Билибин усмехнулся и распустил складки кожи.
– Cependant, mon cher, – сказал он, рассматривая издалека свой ноготь и подбирая кожу над левым глазом, – malgre la haute estime que je professe pour le православное российское воинство, j'avoue que votre victoire n'est pas des plus victorieuses. [Однако, мой милый, при всем моем уважении к православному российскому воинству, я полагаю, что победа ваша не из самых блестящих.]
Он продолжал всё так же на французском языке, произнося по русски только те слова, которые он презрительно хотел подчеркнуть.
– Как же? Вы со всею массой своею обрушились на несчастного Мортье при одной дивизии, и этот Мортье уходит у вас между рук? Где же победа?
– Однако, серьезно говоря, – отвечал князь Андрей, – всё таки мы можем сказать без хвастовства, что это немного получше Ульма…
– Отчего вы не взяли нам одного, хоть одного маршала?
– Оттого, что не всё делается, как предполагается, и не так регулярно, как на параде. Мы полагали, как я вам говорил, зайти в тыл к семи часам утра, а не пришли и к пяти вечера.
– Отчего же вы не пришли к семи часам утра? Вам надо было притти в семь часов утра, – улыбаясь сказал Билибин, – надо было притти в семь часов утра.
– Отчего вы не внушили Бонапарту дипломатическим путем, что ему лучше оставить Геную? – тем же тоном сказал князь Андрей.

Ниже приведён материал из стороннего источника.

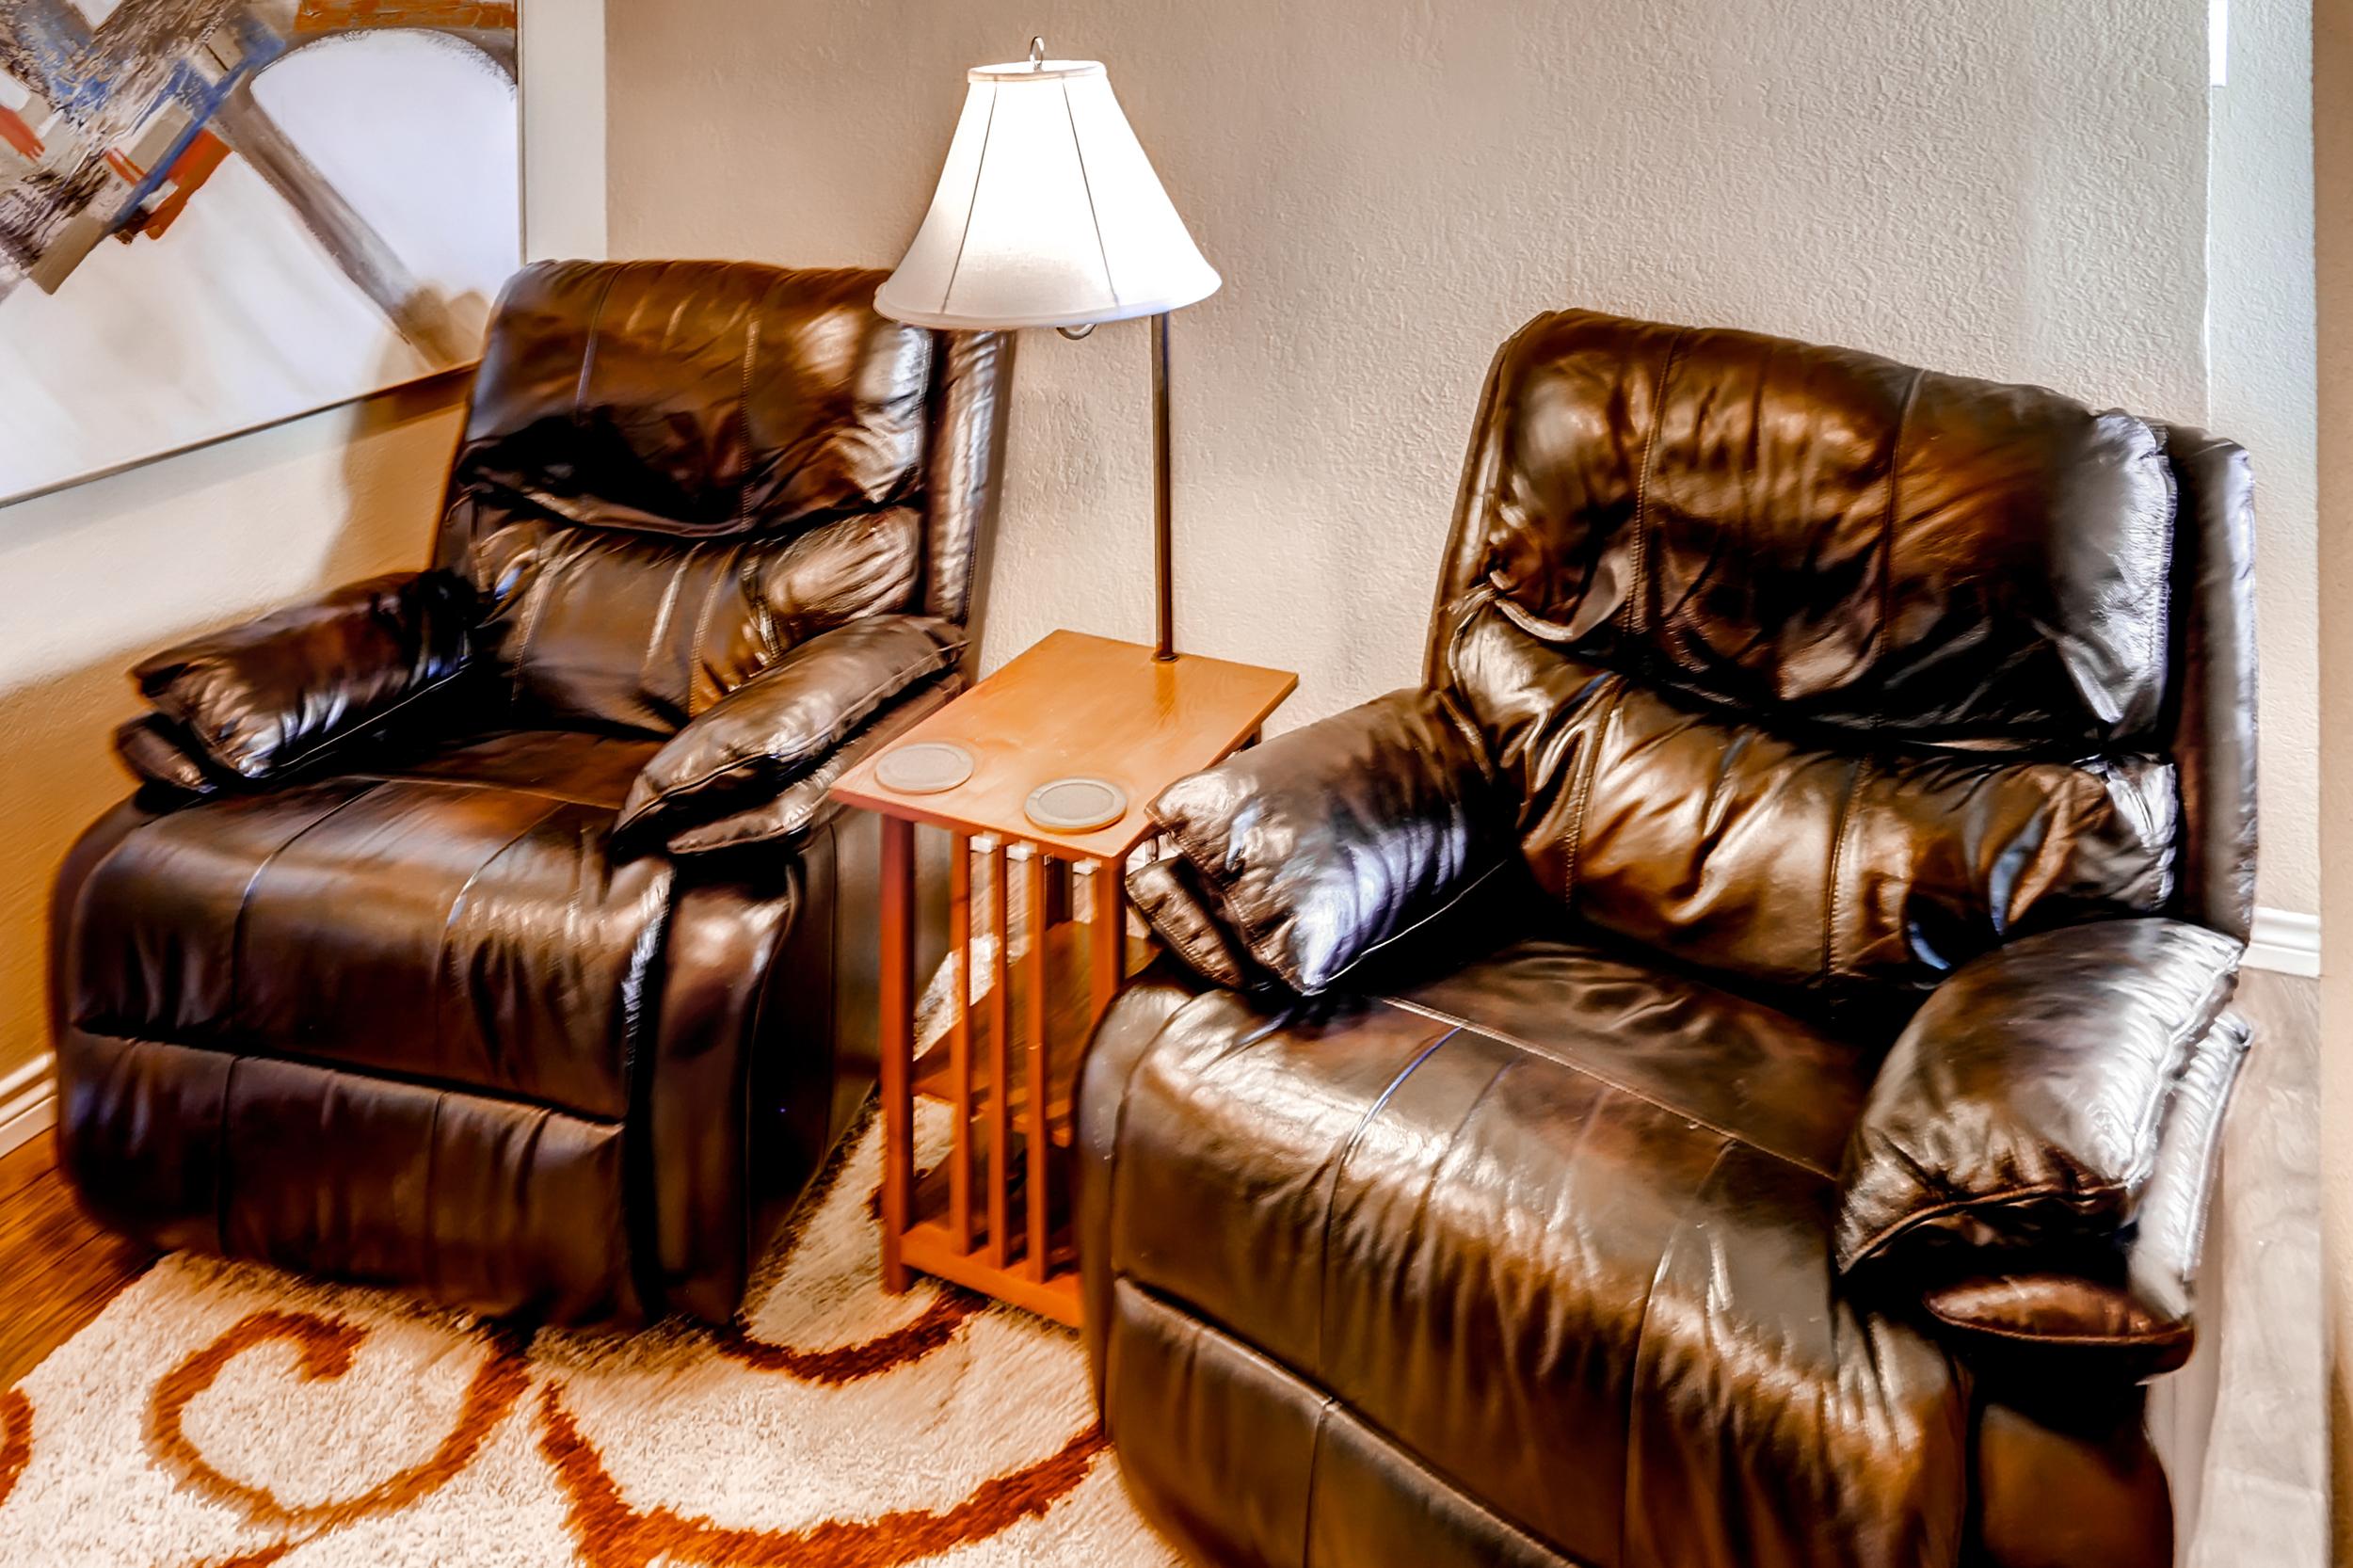 QuintilianiTamra - TV Room 4.jpg
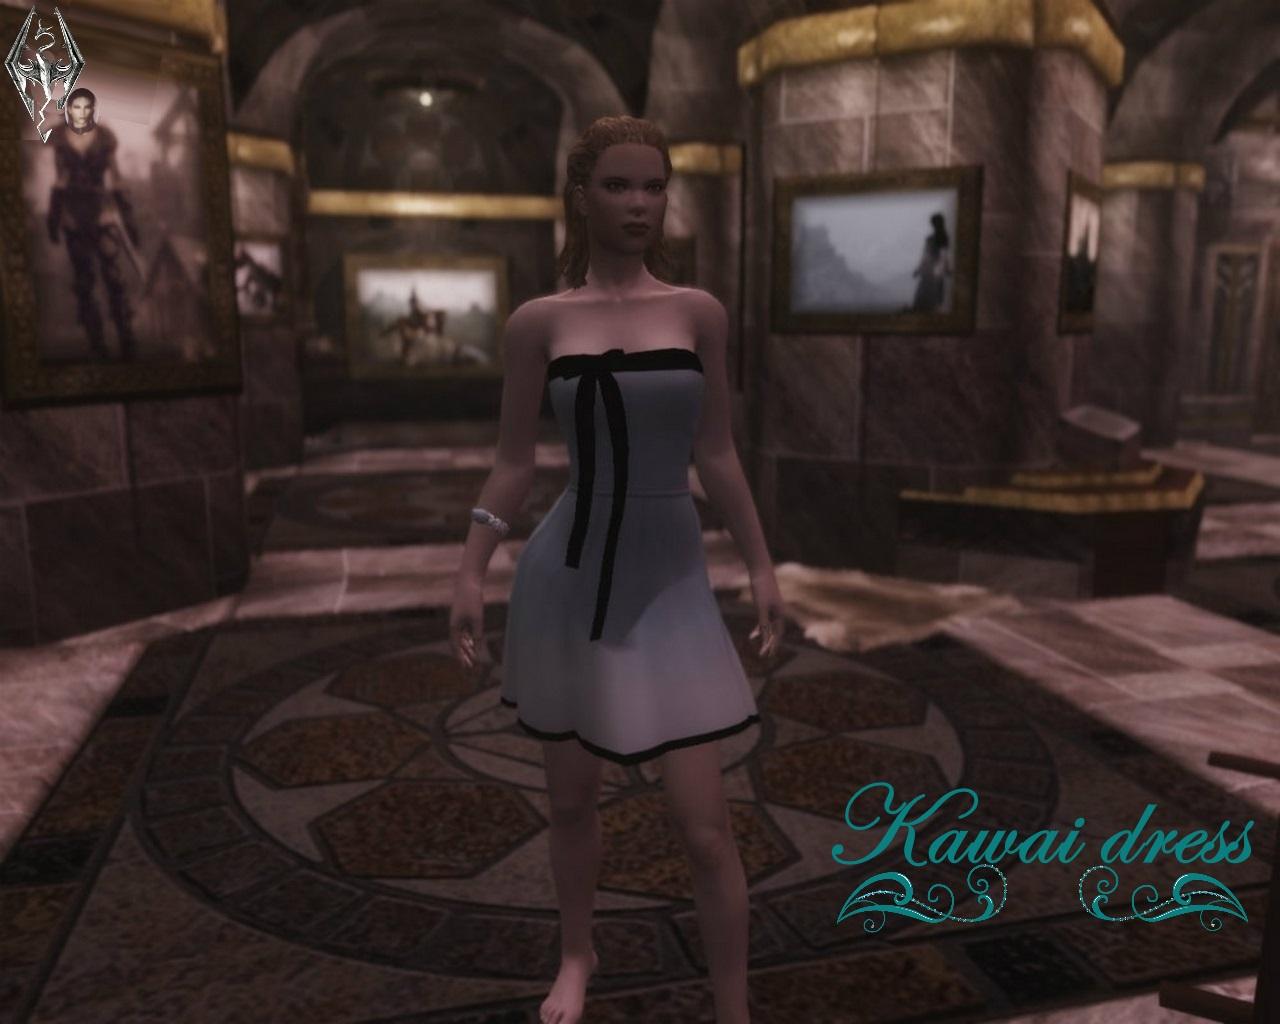 Kawai_dress.jpg

– Я знаю, – перебил Билибин, – вы думаете, что очень легко брать маршалов, сидя на диване перед камином. Это правда, а всё таки, зачем вы его не взяли? И не удивляйтесь, что не только военный министр, но и августейший император и король Франц не будут очень осчастливлены вашей победой; да и я, несчастный секретарь русского посольства, не чувствую никакой потребности в знак радости дать моему Францу талер и отпустить его с своей Liebchen [милой] на Пратер… Правда, здесь нет Пратера.
Он посмотрел прямо на князя Андрея и вдруг спустил собранную кожу со лба.
– Теперь мой черед спросить вас «отчего», мой милый, – сказал Болконский. – Я вам признаюсь, что не понимаю, может быть, тут есть дипломатические тонкости выше моего слабого ума, но я не понимаю: Мак теряет целую армию, эрцгерцог Фердинанд и эрцгерцог Карл не дают никаких признаков жизни и делают ошибки за ошибками, наконец, один Кутузов одерживает действительную победу, уничтожает charme [очарование] французов, и военный министр не интересуется даже знать подробности.
– Именно от этого, мой милый. Voyez vous, mon cher: [Видите ли, мой милый:] ура! за царя, за Русь, за веру! Tout ca est bel et bon, [все это прекрасно и хорошо,] но что нам, я говорю – австрийскому двору, за дело до ваших побед? Привезите вы нам свое хорошенькое известие о победе эрцгерцога Карла или Фердинанда – un archiduc vaut l'autre, [один эрцгерцог стоит другого,] как вам известно – хоть над ротой пожарной команды Бонапарте, это другое дело, мы прогремим в пушки. А то это, как нарочно, может только дразнить нас. Эрцгерцог Карл ничего не делает, эрцгерцог Фердинанд покрывается позором. Вену вы бросаете, не защищаете больше, comme si vous nous disiez: [как если бы вы нам сказали:] с нами Бог, а Бог с вами, с вашей столицей. Один генерал, которого мы все любили, Шмит: вы его подводите под пулю и поздравляете нас с победой!… Согласитесь, что раздразнительнее того известия, которое вы привозите, нельзя придумать. C'est comme un fait expres, comme un fait expres. [Это как нарочно, как нарочно.] Кроме того, ну, одержи вы точно блестящую победу, одержи победу даже эрцгерцог Карл, что ж бы это переменило в общем ходе дел? Теперь уж поздно, когда Вена занята французскими войсками.